Unlike my previous attempts it looks like the index had some effects on the bottleneck checksum process. I will try a few additional imports to reproduce the metrics above. If reproducible, I might retest the same workflow in a real IDR environment (i.e. with an existing real-world database).

mtbc commented 4 years ago

Certainly encouraging: if it keeps helping then I'll provisionally add this to my list of DB changes I want to make next time we are breaking it.

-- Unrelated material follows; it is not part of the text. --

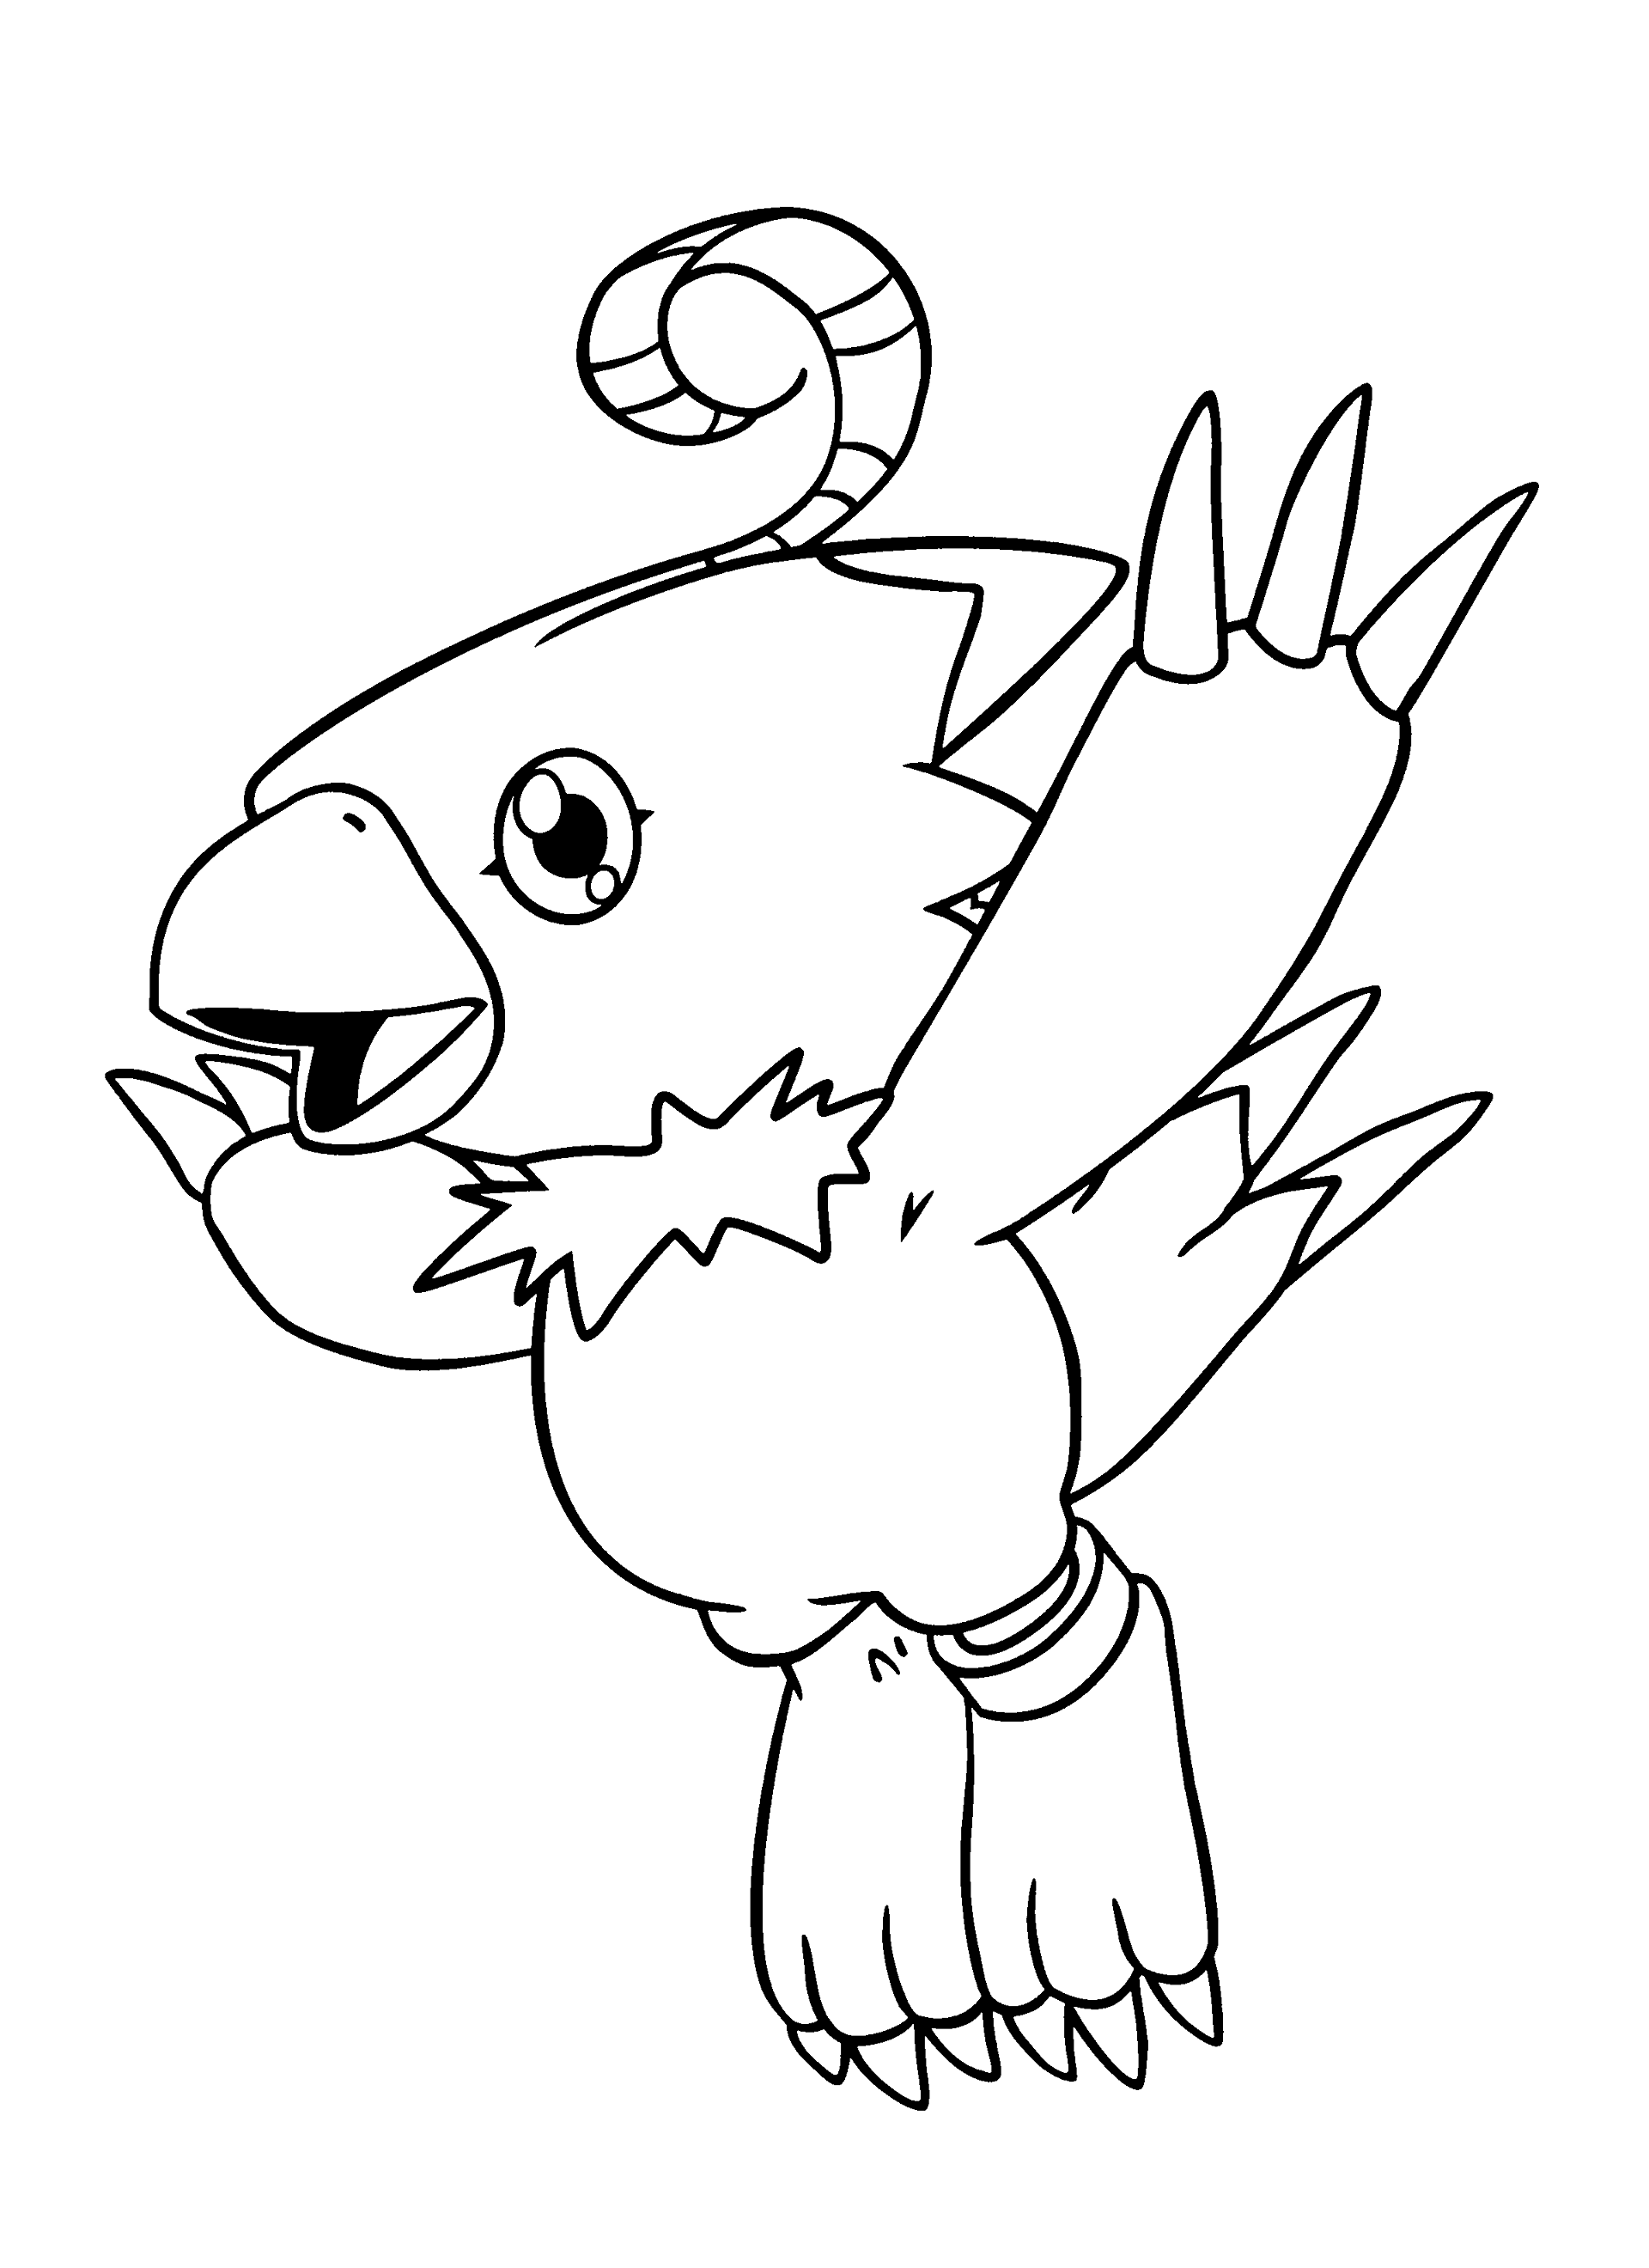 Dibujos de digimon para colorear pintar e imprimir gratis for Digimon coloring pages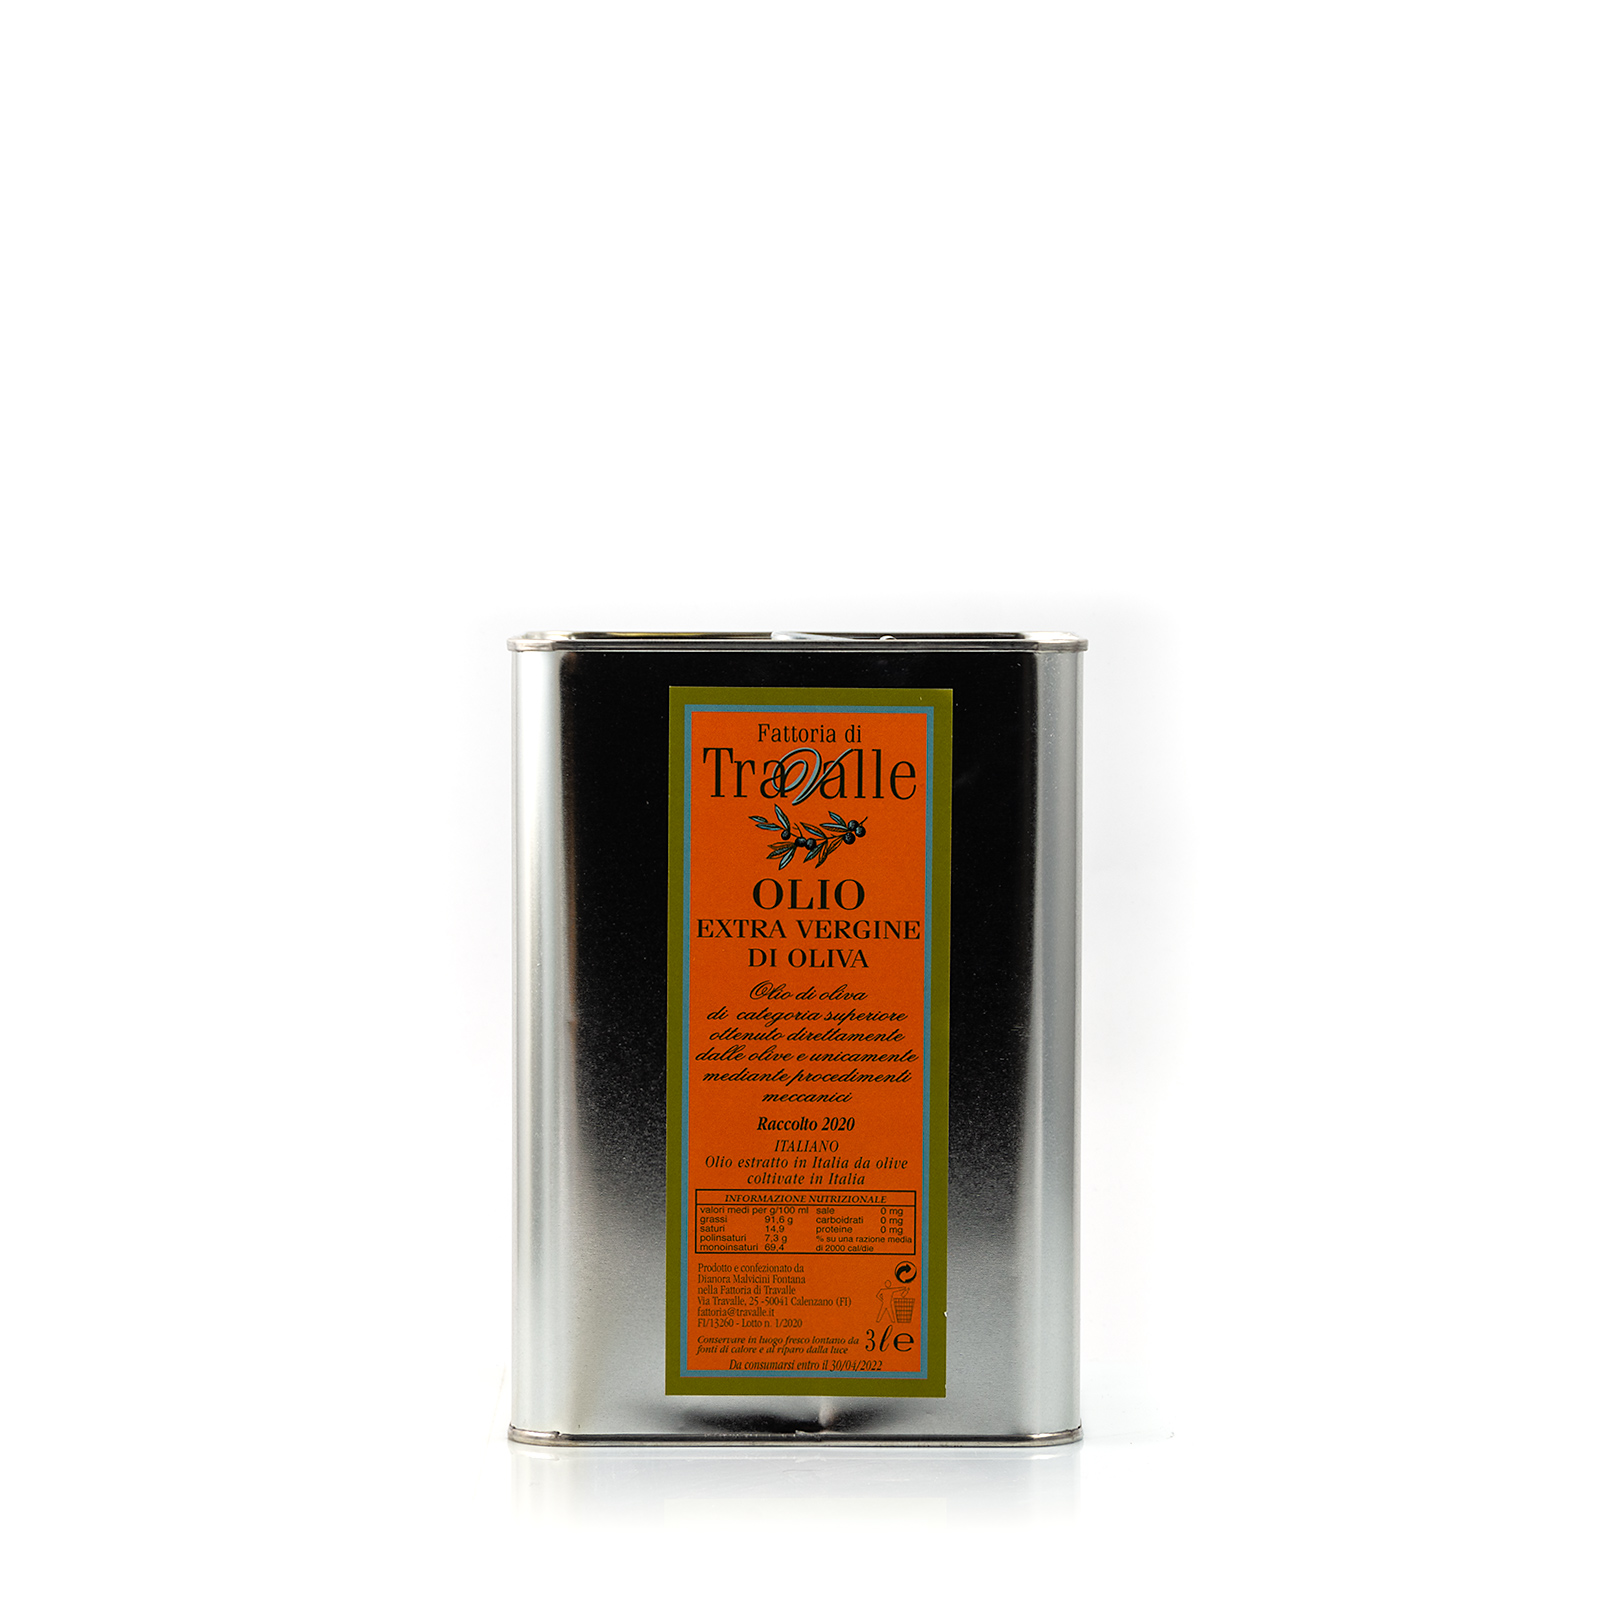 Fattoria di Travalle Olio Extra Vergine di Oliva Travalle - 3l

sbesson commented 4 years ago

Retested earlier today

bash-4.2$ grep "omero.import.process.checksum"  /OMERO/ManagedRepository/root_0/2019-11/26/12-30-02.485.log |tail -n 5
2019-11-26 12:50:15,800 INFO  [                 org.perf4j.TimingLogger] (.Server-44) start[1574772615798] time[2] tag[omero.import.process.checksum]
2019-11-26 12:50:15,803 INFO  [                 org.perf4j.TimingLogger] (.Server-44) start[1574772615800] time[3] tag[omero.import.process.checksum]
2019-11-26 12:50:15,807 INFO  [                 org.perf4j.TimingLogger] (.Server-44) start[1574772615803] time[3] tag[omero.import.process.checksum]
2019-11-26 12:50:15,810 INFO  [                 org.perf4j.TimingLogger] (.Server-44) start[1574772615807] time[3] tag[omero.import.process.checksum]
2019-11-26 12:50:15,813 INFO  [                 org.perf4j.TimingLogger] (.Server-44) start[1574772615810] time[3] tag[omero.import.process.checksum]
mtbc commented 4 years ago

:+1: I'm hoping that the larger the fileset, the more benefit from the index.